Feuilleton

Stuttgarter Wilhelma: Neues Insektarium und Schmetterlingshalle

Ein neues Insektarium ist im Stuttgarter botanisch-zoologischen Garten Wilhelma eröffnet worden. Es bietet Einblicke in Leben und Ökologie von Gliederfüßern und diskutiert das manchmal problematische Verhältnis zwischen Insekt und Mensch. Eine Freiflughalle für tropische Schmetterlinge erlaubt das Beobachten ungewöhnlicher Schönheiten der Natur.

Der zoologisch-botanische Garten der Wilhelma in Stuttgart-Bad Cannstatt entstand nach dem Zweiten Weltkrieg aus einer Gartenanlage, die der Architekt Karl-Ludwig von Zanth (1796 – 1857) im Auftrag des württembergischen Königs Wilhelm I. ab 1840 konzipiert und erbaut hatte. Wiederholt wurde die Anlage erweitert. Heute ist die Wilhelma mit 1000 Tier- und 5000 Pflanzenarten eine der artenreichsten naturkundlichen Anlagen Deutschlands.

Eine 1989 erstellte Studie über die Randbebauung des östlichen Teils der Wilhelma sah ein Tropenhaus, ein Nachttierhaus und ein Insektarium mit Schmetterlingshalle vor. Im Jahr 2000 wurde das Amazonienhaus mit südamerikanischer Tropenlandschaft eröffnet, seit dem 28. März ist nun auch ein Insektarium der Öffentlichkeit zugänglich. Unter Einbeziehung historischer Sandsteingebäude aus dem Jahr 1864 (ehemalige Remisen) entstand es innerhalb von 16 Monaten. Das Gebäudeensemble verbindet Alt und Neu.

Tropische Schmetterlinge unter Glas

Das Zentrum bildet die Schmetterlingshalle oder Freiflughalle – 22 Meter lang, 12 Meter breit und 6,5 Meter hoch, ein Gewächshaus mit filigraner Stahlkonstruktion und besonders lichtdurchlässigem Glas. Das Klima der Halle ist schwül-heiß mit Temperaturen zwischen 22 und 28 °C und 60 bis 90% Luftfeuchtigkeit.

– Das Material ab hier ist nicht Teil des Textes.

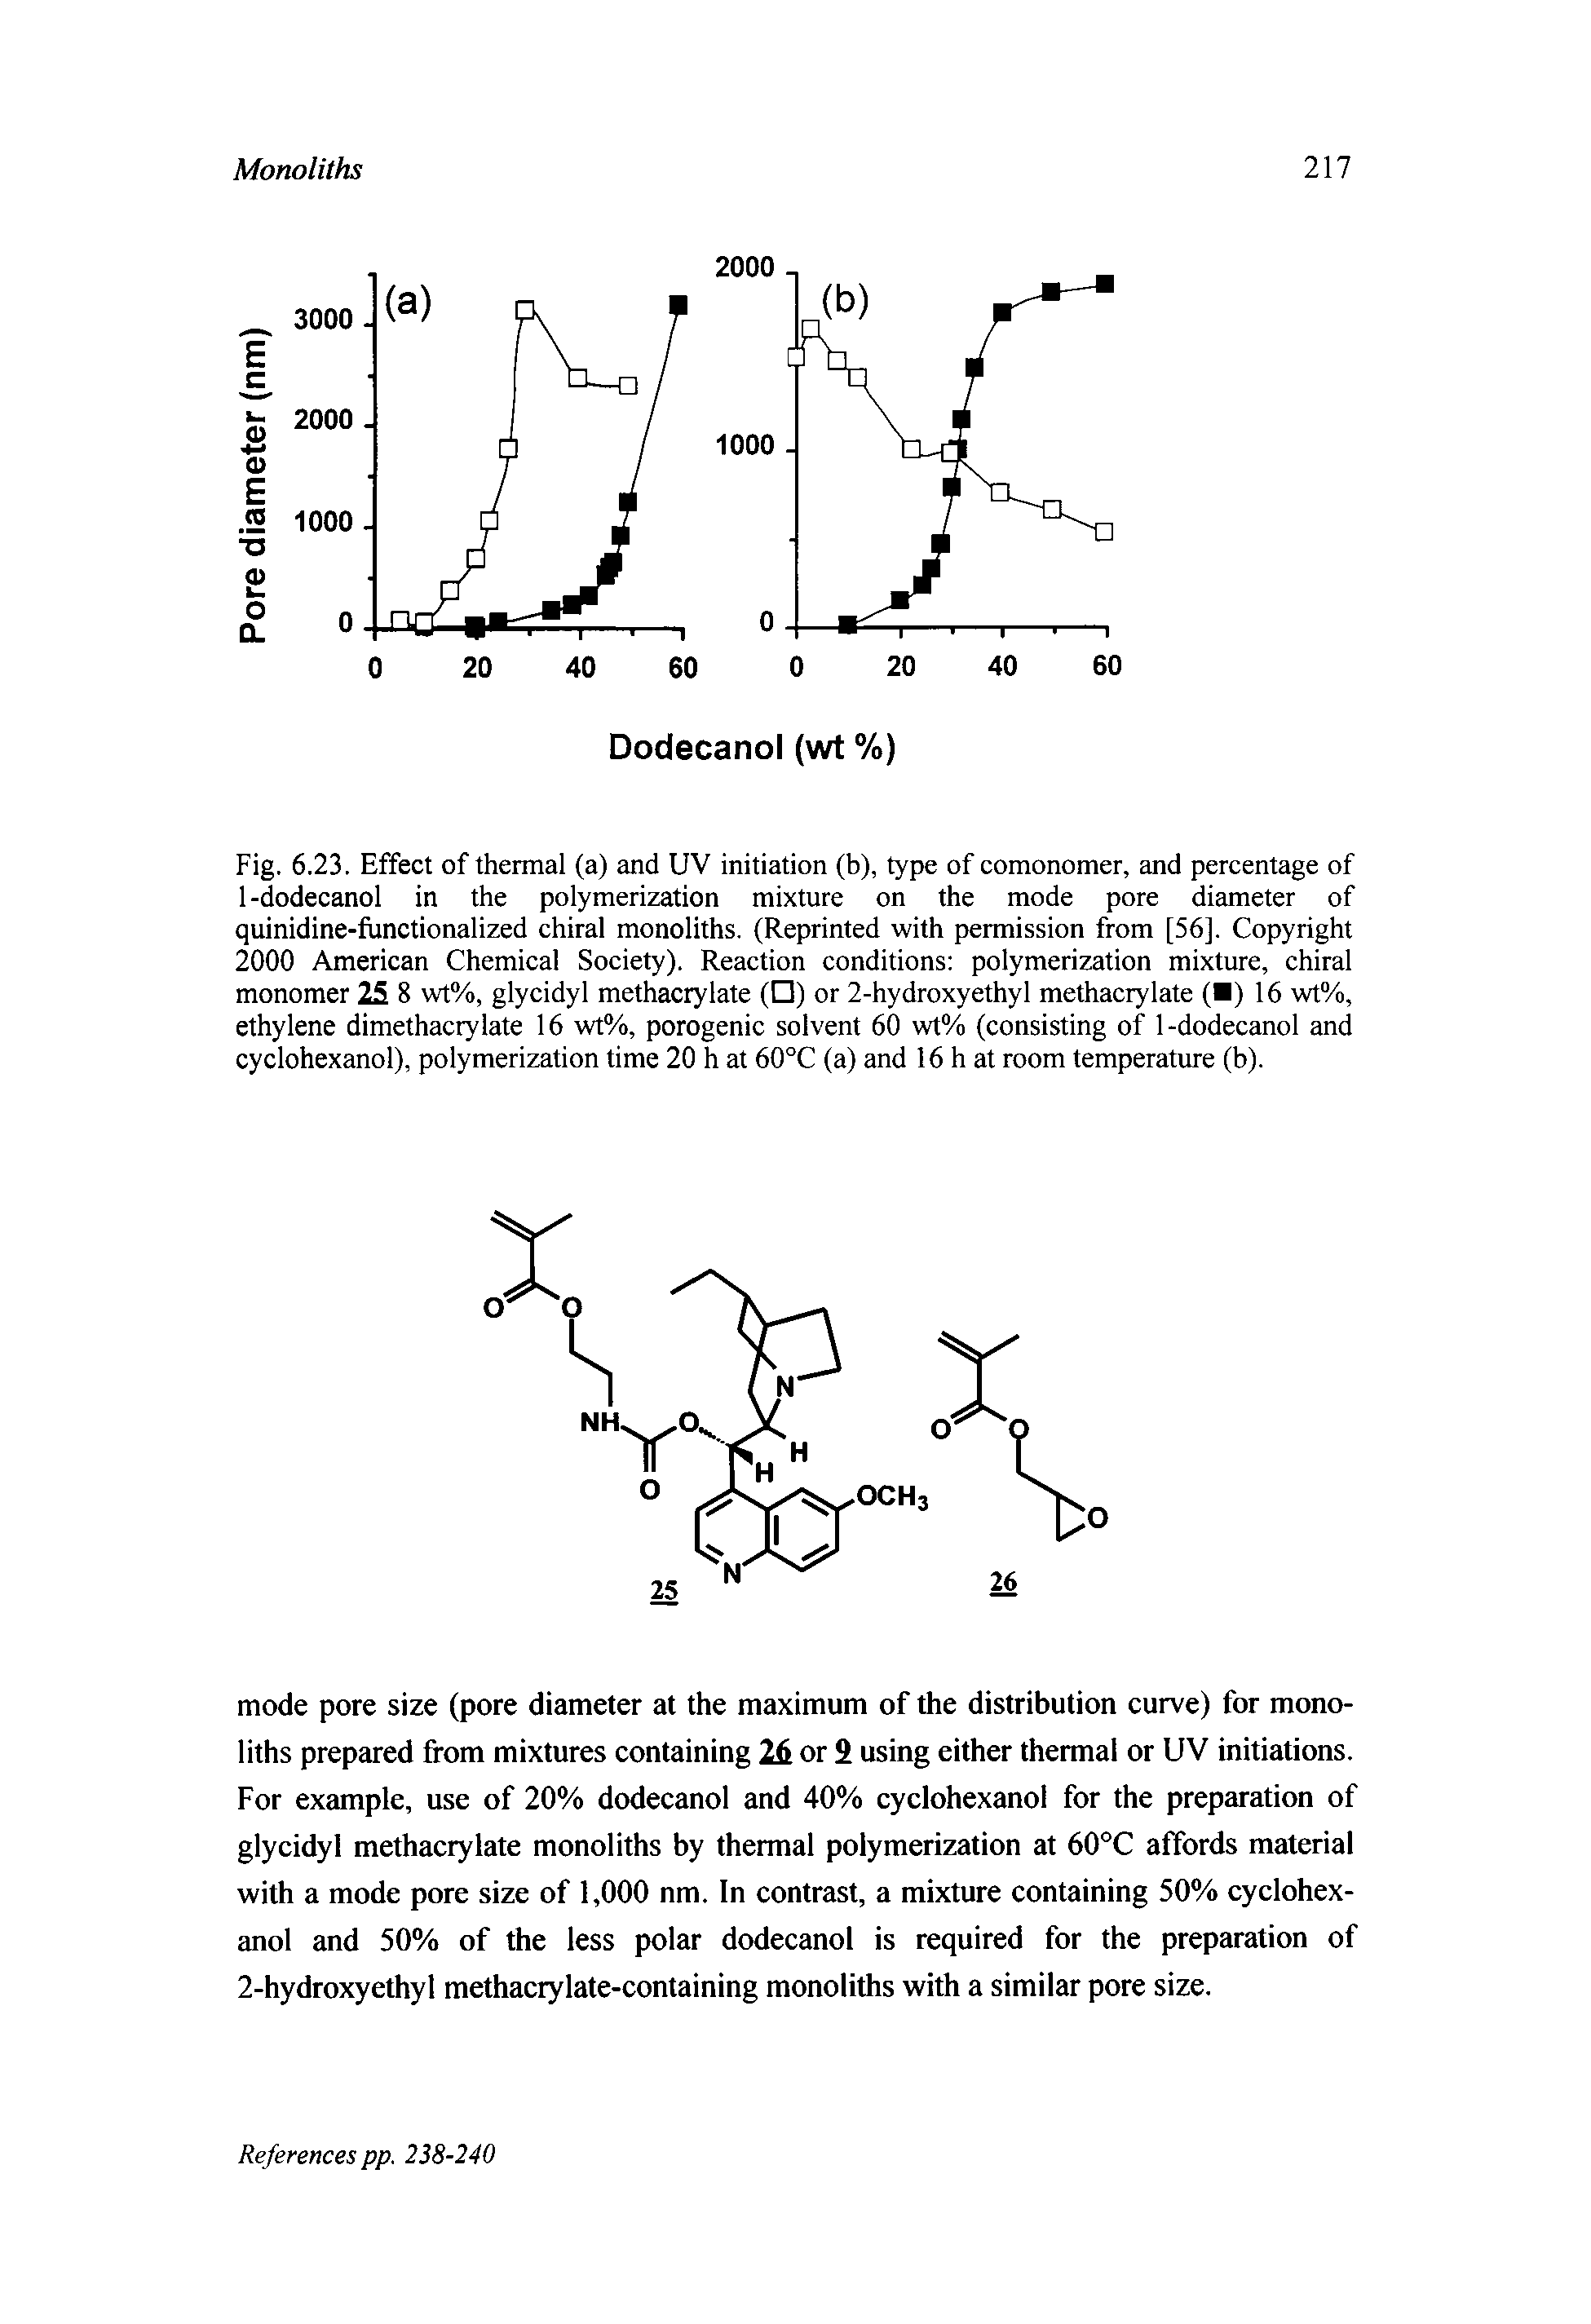 Fig. 6.23. Effect of thermal (a) and UV initiation (b), type of comonomer, and percentage of 1-dodecanol in the polymerization mixture on the mode pore diameter of quinidine-functionalized chiral monoliths. (Reprinted with permission from [56]. Copyright 2000 American Chemical Society). Reaction conditions polymerization mixture, chiral monomer 25 8 wt%, glycidyl methacrylate ( ) or 2-hydroxyethyl methacrylate ( ) 16 wt%, ethylene dimethacrylate 16 wt%, porogenic solvent 60 wt% (consisting of 1-dodecanol and cyclohexanol), polymerization time 20 h at 60°C (a) and 16 h at room temperature (b).

Etwa 50 Pflanzenarten finden sich hier, u. a. Schönmalve (Abutilon), Palmen (Chamaedorea catacatatum, Chrysalidocarpus lutescens, Cyrtostachys renda, Licuala grandis), Orchideen (Epidendrum), Hibiscus, Passionsblume (Passiflora sp.), Baumfarn (Dicksonia antarctica), Papyrusstaude (Cyperus papyrus) und einige Ficus-Arten. Zwischen den Pflanzen flattern etwa 300 tropische Schmetterlinge, die etwa ein Dutzend Arten angehören: Monarchfalter (Danaus plexippus), Blauer Morpho (Morpho peleides), Afrikanischer Schwalbenschwanz (Papilio dardanus), Mormonen-Schwalbenschwanz (Papilio memnon), Baumnymphen (Idea leuconoe), Bananenfalter (Calligo eurilochus) und einige Passionsblumenfalter (Helioconius).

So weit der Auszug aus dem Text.